Determinismus und Voluntarismus unterscheiden sich in der Antwort auf die Frage, ob der
Delinquent auch anders hätte handeln können. Beide Antworten klingen wie normale
Behauptungen, unterscheiden sich von ihnen aber dadurch, daß nicht klar ist, was als
Beweis oder Widerlegung gelten würde. Natürlich bestreitet der Voluntarist nicht Tatsachen
der Physiologie, Erziehungseinflüsse, sonstige Umgebungseinflüsse und der Determinist
nicht, daß der Delinquent sich seine Gedanken macht. Sie sind nur nicht einig darüber, ob
er auch anders hätte denken und handeln können. Und dafür lässt keiner irgendeinen Beweis
der Gegenposition oder irgendeine Widerlegung der eigenen gelten. D.h die Subsumtion
scheitert nicht an der praktischen Durchführung. Sondern daran, daß man nicht weiß, was zu
beweisen ist? Aber das hat man doch gesagt. Offenbar doch nicht, denn sonst müsste man
wissen, wann der Beweis zumindest theoretisch erbracht und wie er zu widerlegen wäre.
Nehmen wir den Satz "ich kann...". Das sind leere Worte, wenn ich nicht weiß,
was "..." bedeutet.
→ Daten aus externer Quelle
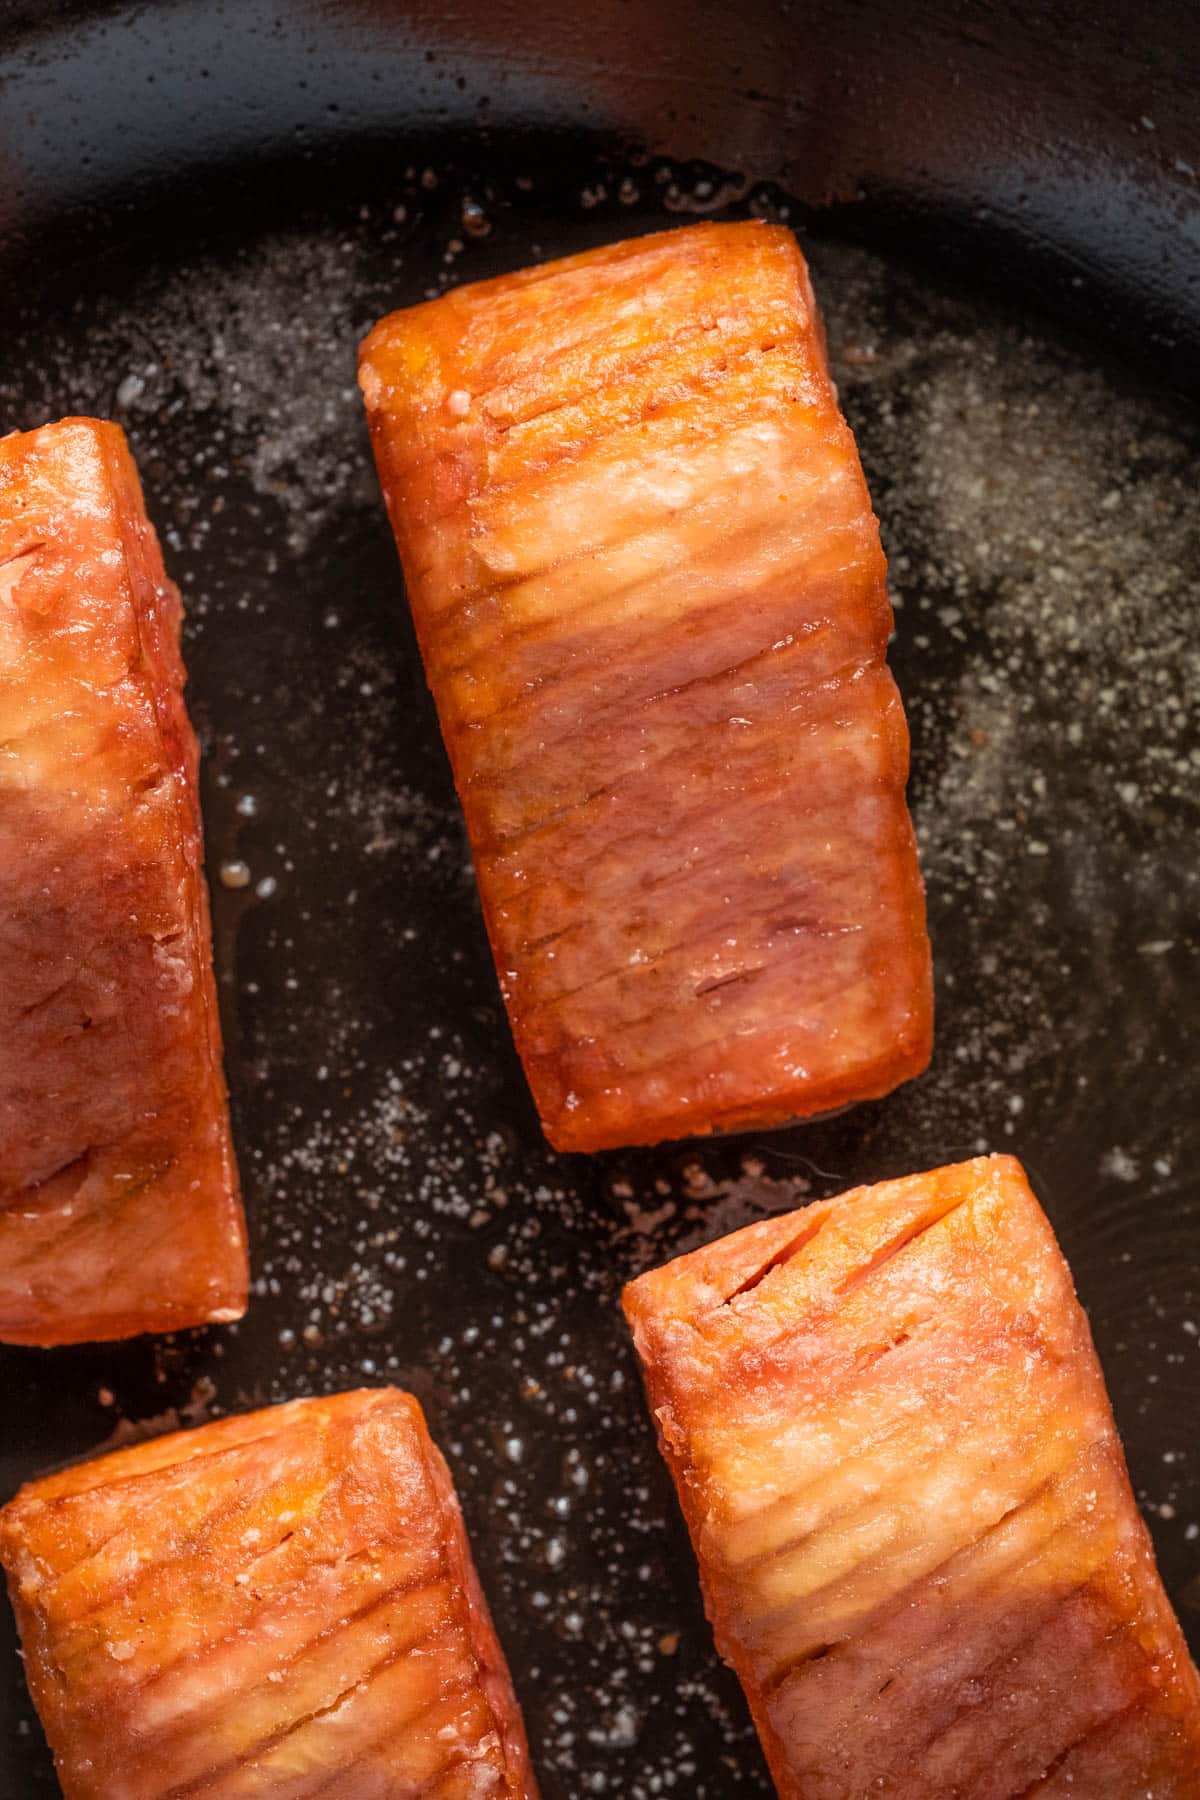 Fried vegan salmon pieces in a frying pan.
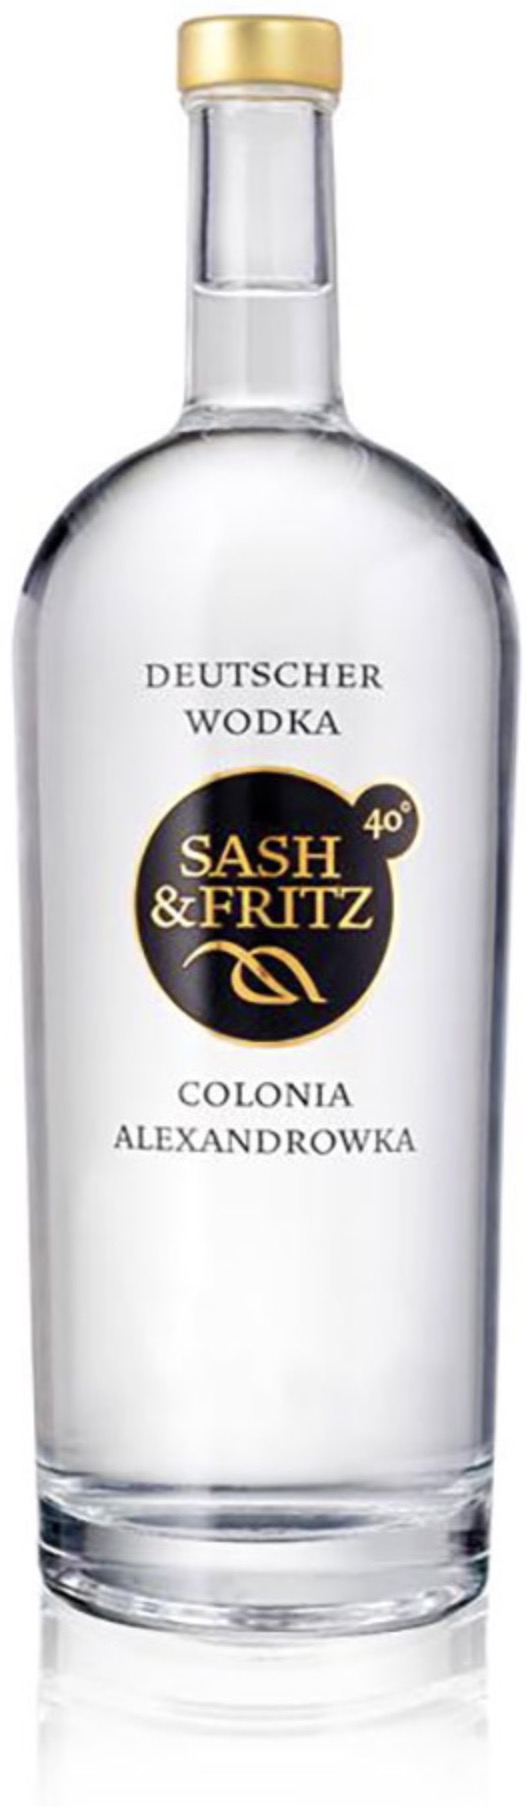 Sash & Fritz Wodka 40% vol. 0,7L

Ich brauche eine Beschreibung oder Demonstration. Der Beweis
besteht dann darin, daß ich ... vorführe. Wenn ein Beweis aber nicht nur praktisch,
sondern prinzipiell nicht möglich sein sollte, sollte das nicht an der fehlenden Erklärung
von "..." liegen?
Wenn man dagegen unsere Freiheit darin sehen würde, daß wir Pläne machen und unser eigenes
Drehbuch schreiben können, würde sich der Widerspruch des jungen Manns auflösen. In den
alten Schriften steht, daß man das tun soll, aber auch, daß daraus meist sowieso nichts
wird und daß Spontaneität auch wichtig ist.
Claus
Am 30. Dez. 2019, 22:32, um 22:32, Rat Frag via Philweb <philweb(a)lists.philo.at>
schrieb:
[Philweb]
Hallo Liste,
ich ergreife wieder das Wort, um das Thema noch einmal von einer
anderen Seite aus zu behandeln.
Um bei diesem Thema voranzukommen, so glaube ich, ist es hilfreich,
wenn man noch mal die beiden "Eckpunkte" getrennt anschneidet.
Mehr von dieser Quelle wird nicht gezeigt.